Tell a prospective employer that you’d like children or prefer to work part-time so you can look after your child and they’re likely to roll their eyes. So is it best not to mention it?

Nearing the end of my maternity leave, I have been trying to re-enter the workplace. It’s hard enough to find a job in the construction industry at the moment without the added constrictions a baby brings. I was offered a well paid job and thought all was going well until I made a few more enquiries. They were happy for me to work part-time, but their expectations would be just the same: I would be expected to meet the same targets as my full-time colleagues.

Something I kept to myself while working, and which I therefore mention in a whisper now, is that I have always wanted children. I imagine many others feel the same way - but you can’t say that at work.

This led me to embrace every opportunity during my “dependant free” years. I’m grateful for my education but I have never felt freer than my graduation day when I could finally determine my own destiny. Seemingly a month can’t go by without us being reminded that a woman’s fertility dramatically drops at 35. I therefore view the years between university and having children as a woman’s chance to try and achieve as much as possible to allow her to re-enter the workplace at a vaguely similar level later. 

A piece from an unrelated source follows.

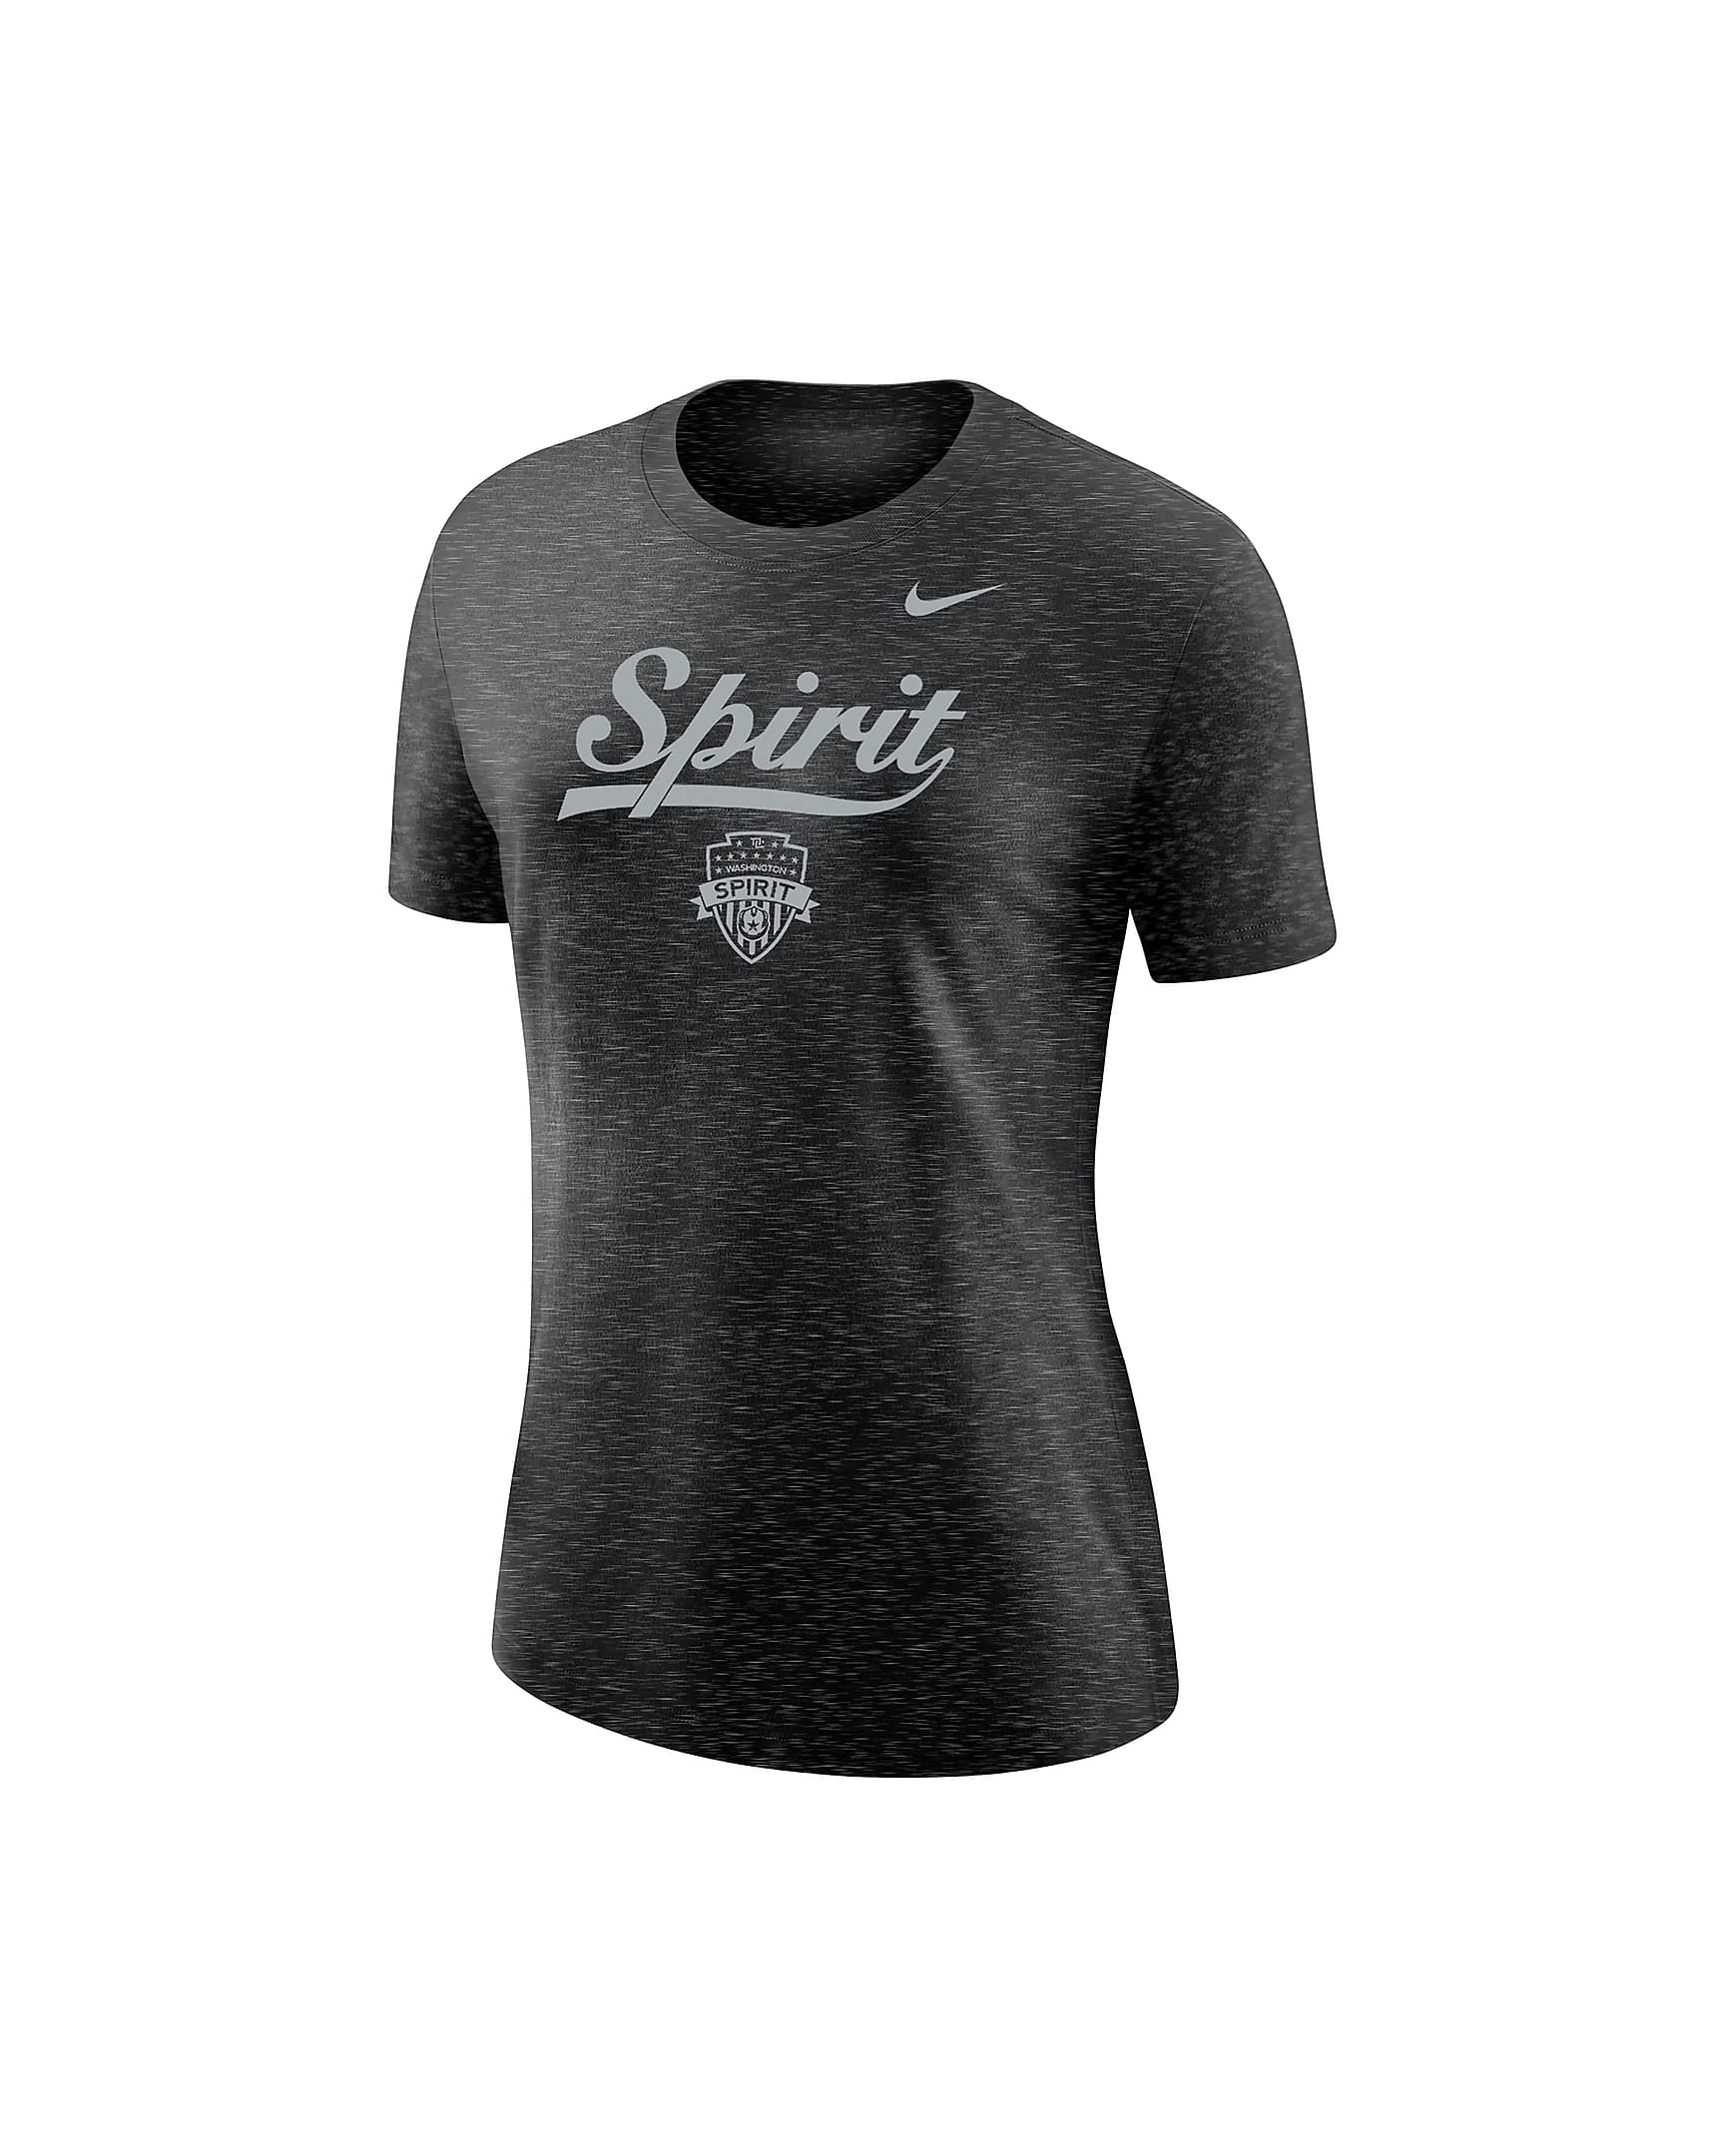 Washington Spirit Women's Nike Soccer Varsity T-Shirt. Nike.com

To this end I think I was often more ambitious than some of my colleagues.

I project managed a variety of schemes, concentrating, latterly, on high-end residential. In addition to my day job I attended up to three industry events a week and was fortunate to be nominated to the G4C (generation for collaboration) board which I subsequently chaired for three years. This exposure enabled me to join the Building Graduate Advisory Panel in 2005 and to have the opportunity to write this article now.

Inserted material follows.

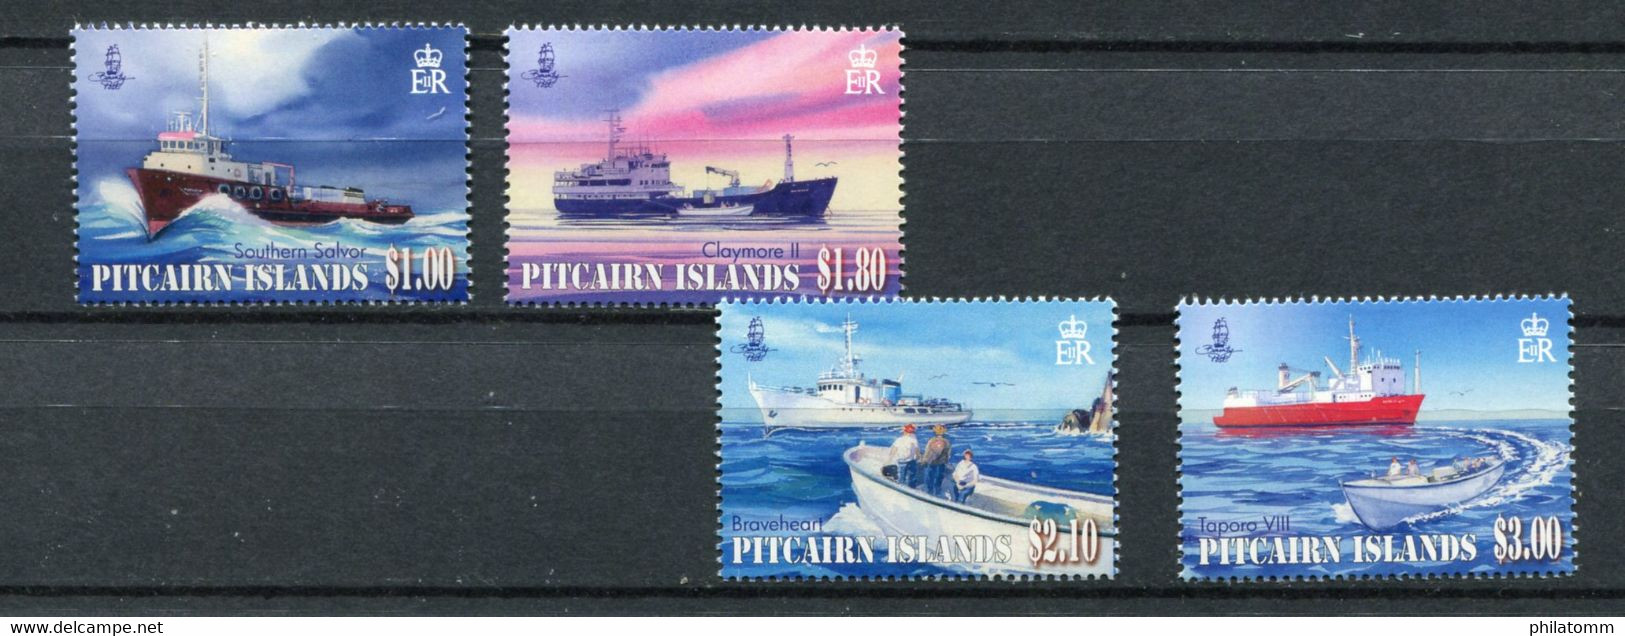 Pitcairn - Mi.Nr. 836 / 839 - "Versorgungsschiffe" ** / MNH (aus Dem Jahr 2011) - Pitcairninsel

’Part-time project manager required - salary competitive, flexi-time, childcare vouchers available, no emails after 7pm’ is not an advert I have seen in the back pages of Building lately

The tough employment and childcare issues faced by parents are often covered in the national press. In my case, the only local nursery with places costs £55 a day. So I need to be earning that (after tax), plus a decent amount more to make it worth not spending time with my child. Furthermore, the nursery is open from 7am to 7pm and for every 15 minutes parents are late picking up their children, there is an £8 fee. We have chosen to move out of London so if I were to commute by train as my husband does, we would have to rely on the trains to be on time to pick up our son. You may think this is our fault for moving out of London - and it is - but I’m not convinced we would be any better off had we stayed. I have heard horror stories of nurseries costing £90 a day in London.

“Part-time project manager required - salary competitive, flexi-time, childcare vouchers available, occasional home working possible, no unexpected site meetings and no emails after 7pm” is not an advert I have seen in the back pages of Building lately, and I know a job like this isn’t feasible. Sites can’t function part-time, people need quick decisions and, overall, companies need their employees to be making money for them. My previous experience in the industry must surely be useful to someone though. To this end, I have been applying to local construction industry-related companies whenever they have advertised for project support or office management roles. But I have discovered that, as these roles do not necessarily require any construction-related experience, competition is even greater - every mother and recent graduate in town is applying.

So do I apply for the sort of positions that I would have gone for pre-baby, in the hope that they might like me so much that when I mention (at the last possible moment) that I’d like to work part-time due to the fact that I am a parent, they don’t give their HR representative an alarmed glance and say: “We’ll be in touch”? In any case, I’m uncomfortable deceiving a potential employer right from the beginning like this - even if it is what all the advice says. 
I’m hopeful that the perfect role might be out there but in the meantime I’ll keep buying the lottery ticket; it’s probably similar odds.